Heatwave
- Cover of Heatwave magazine #1
- Editor: Charles Radcliffe
- Categories: Political philosophy
- First issue: July 1966
- Final issue: September 1966
- Based in: London
- Language: English

= Charles Radcliffe =

English political activist (1941–2021)

Charles Radcliffe (7 December 1941 – 10 July 2021) was an English cultural critic, political activist and theorist known for his association with the Situationist movement.

==Life==
A member of the direct-action wing of the peace movement of the early 1960s, he became a regular contributor to the anarchist press in Britain and in 1966 launched Heatwave, a radical magazine produced in London. It lasted for just two issues, but was cited in the Situationist tract On the Poverty of Student Life as an example of one of the "profoundly revolutionary tendencies in the critique of all aspects of the prevailing way of life." Its treatment of popular culture has since been hailed as path-breaking: the critic Jon Savage has said that one piece by Radcliffe "laid the foundation for the next 20 years of sub-cultural theory."

Heatwave was closely associated with Rebel Worker, a short-lived but influential magazine published in Chicago by Franklin Rosemont, Penelope Rosemont, and Bernard Marszalek, to which Radcliffe was a contributor. They were members of the Industrial Workers of the World with links to the Surrealist movement in France, the British libertarian socialist group Solidarity and the Situationist International.

Radcliffe became a member of the English section of the S.I. in December 1966, alongside Chris Gray, Donald Nicholson-Smith and T. J. Clark. He resigned in November 1967, and Gray, Nicholson-Smith and Clark were expelled shortly thereafter.

Between early 1970 and summer 1972 Radcliffe was involved with the magazine Friends, sharing a flat with its editor, Alan Marcuson.

Radcliffe is a descendant of Moll Davis.

==Heatwave==

Heatwave was a short-lived libertarian socialist journal launched by Radcliffe.

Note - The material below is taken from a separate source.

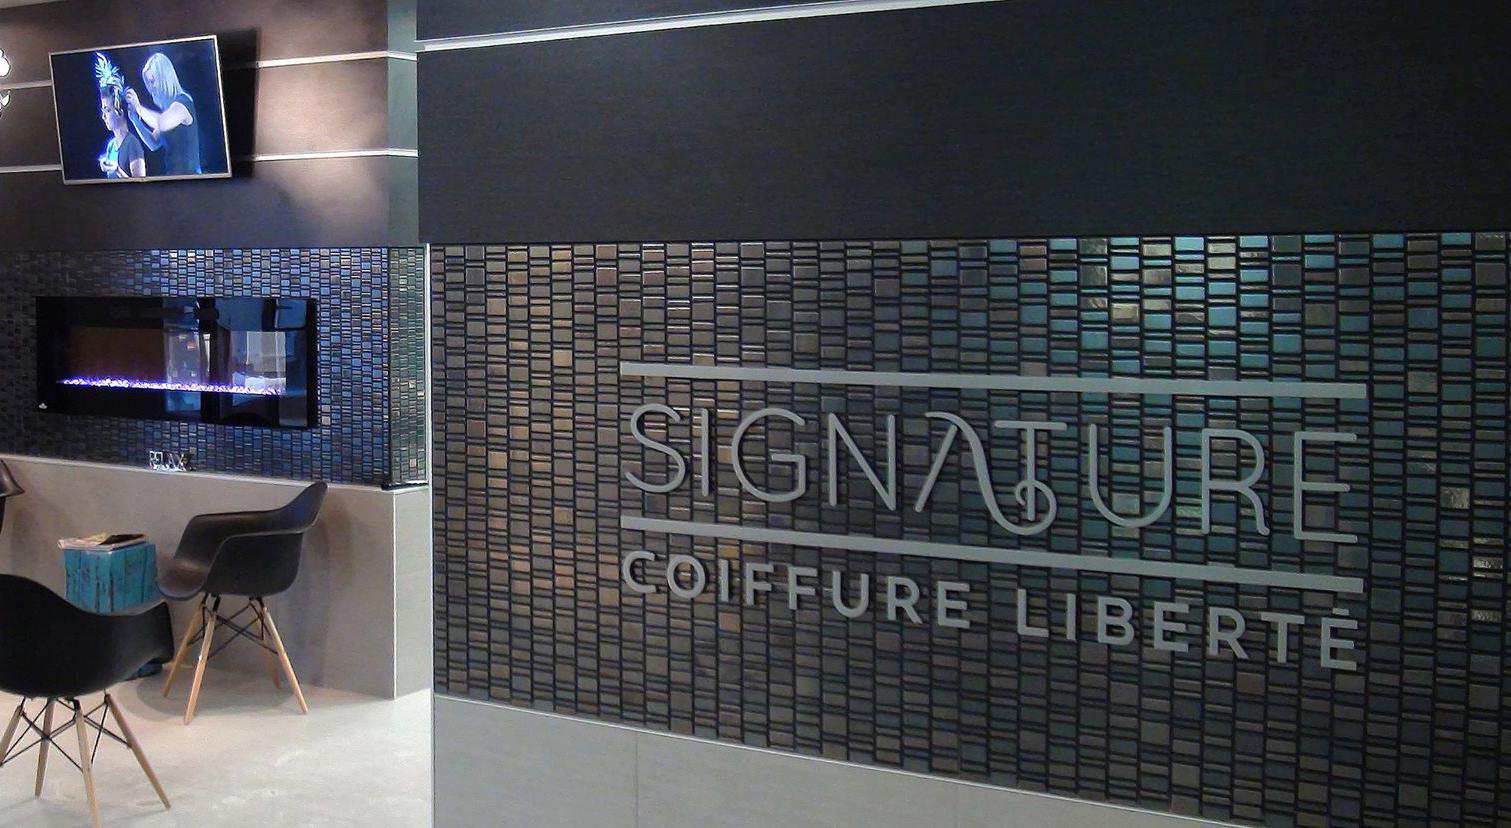 Signature Coiffure Liberté

Only two issues of the journal were produced, appearing in July and September 1966. The first issue positioned itself as an 'experimental, perhaps slightly crazed libertarian socialist journal', and included a statement of intent:

'HEATWAVE is not a rival to existing publications on the libertarian left, but an addition to the libertarian press and an extension of its ideology, both conscious and unconscious, into new fields. HEATWAVE wants to generate heat in every field. We believe the time is ripe for an explosion of revolutionary energy which would alter the face of the earth. HEATWAVE advocates the use of any and all means that may bring to a climax the crisis of capitalism and authoritarianism, and result in the total extinction of all forms of exploitation or authority.'

The journal's formation was inspired by, and aspired to be the British counterpart of a similar, Chicago based publication, The Rebel Worker, which was associated with the Industrial Workers of the World.

Heatwave was notable for publishing one of the first instances of analysis of British youth subcultures of the 1960s from radical left perspective.

In their November 1966 pamphlet On the Poverty of Student Life, the Situationist International wrote "One thinks here of the excellent journal Heatwave, which seems to be evolving toward an increasingly rigorous radicality." Radcliffe and Heatwave contributor Chris Gray would subsequently become members of the short-lived English Section of the Situationist International.

The first issue of Heatwave was republished in 1993 by Chronos Publications. The text of both issues was included in the anthology King Mob Echo: English Section of the Situationist International compiled by Tom Vague and published by Dark Star Press in the year 2000.